Ziv: I returned to a full-time appointment at the Technion in 1970. And it was here that I turned seriously to the problem of characterizing the complexity of an information source, and the related problem of universal data compression. The basic idea behind the earliest formulation of the Lempel-Ziv complexity is the following. Suppose one has a sequence of c distinct letters from some information source. It is quite intuitive to speculate that it requires c*log(c) bits to encode the sequence - using log(c) bits to encode each letter. Now suppose one has a say, binary sequence which can be parsed into c distinct substrings. We can regard the substrings as members of a higher order alphabet, and again use about c*log(c) to encode the sequence. This was the beginning. In the next few years, with Abraham Lempel, I wrote a series of papers on the Lempel-Ziv algorithm. I was always keeping an eye out for the theoretical and probabilistic considerations in what we were doing, while Abraham was more interested in the practical algorithmic issues. Two particularly notable papers were in 1977 and 1978, respectively. In the first, we showed that a version of the LZ algorithm could be used to compress data, as well as compute its complexity. We also proved that the compression was optimal in a certain sense. The algorithm turned out to be fairly simple too. We won the Information Theory Society Prize paper for the 1977 paper. But this paper had two shortcomings. The first was that (so it seemed) it was not efficient to implement, and the second that the optimality conditions were somewhat artificial. The 1978 paper improved in both these directions.

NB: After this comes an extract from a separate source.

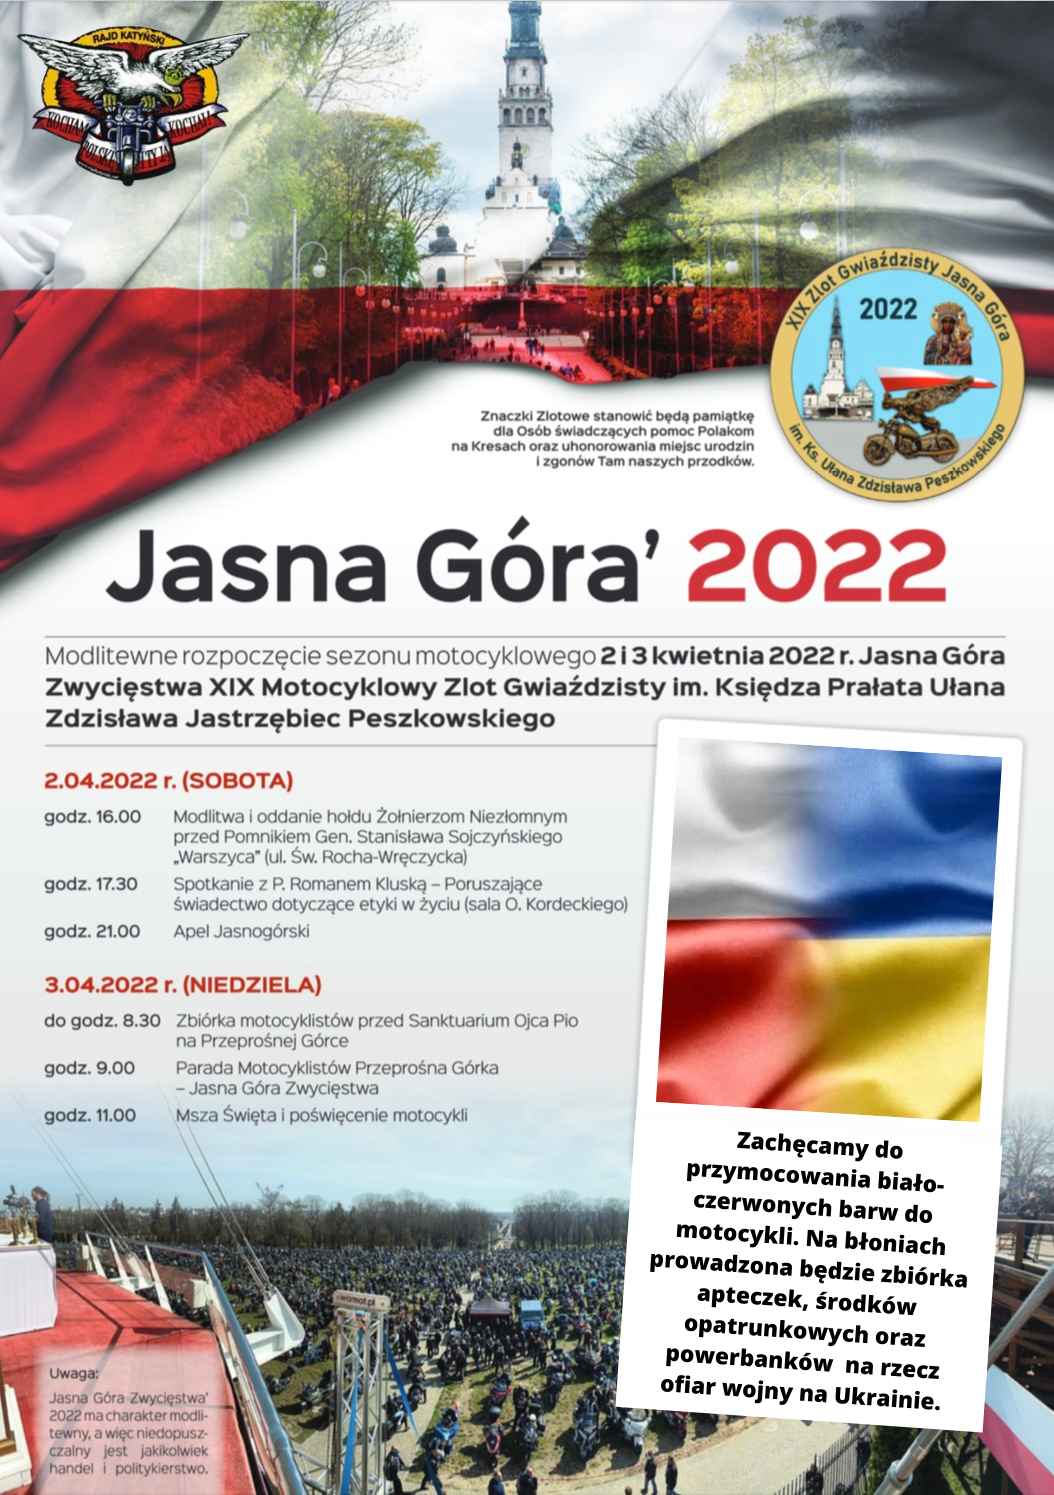 Jasna Gora 2022

In particular we proved that if the source was a sample of a stationary ergodic source, then the algorithm yielded a complexity equal to the source entropy.
Wyner: What about the connection between information theory and statistics?
Ziv: In the years following 1978, I did I great deal of work relating data compression and various aspects of statistics, including classification, detection, and estimation. The pattern matching techniques, derived from the Lempel-Ziv algorithm, proved very helpful here. I was also fortunate to have attracted excellent students, like Neri Merhav.
Wyner: Does your work have a philosophy?
Ziv: Well I have always felt that a "solution" to a problem without a theoretical justification is lacking something important. At the very same time, I always liked to work on problems with a "real-world" application. I also learned at MIT to be happy looking at simple analyzable cases in order to derive intuition.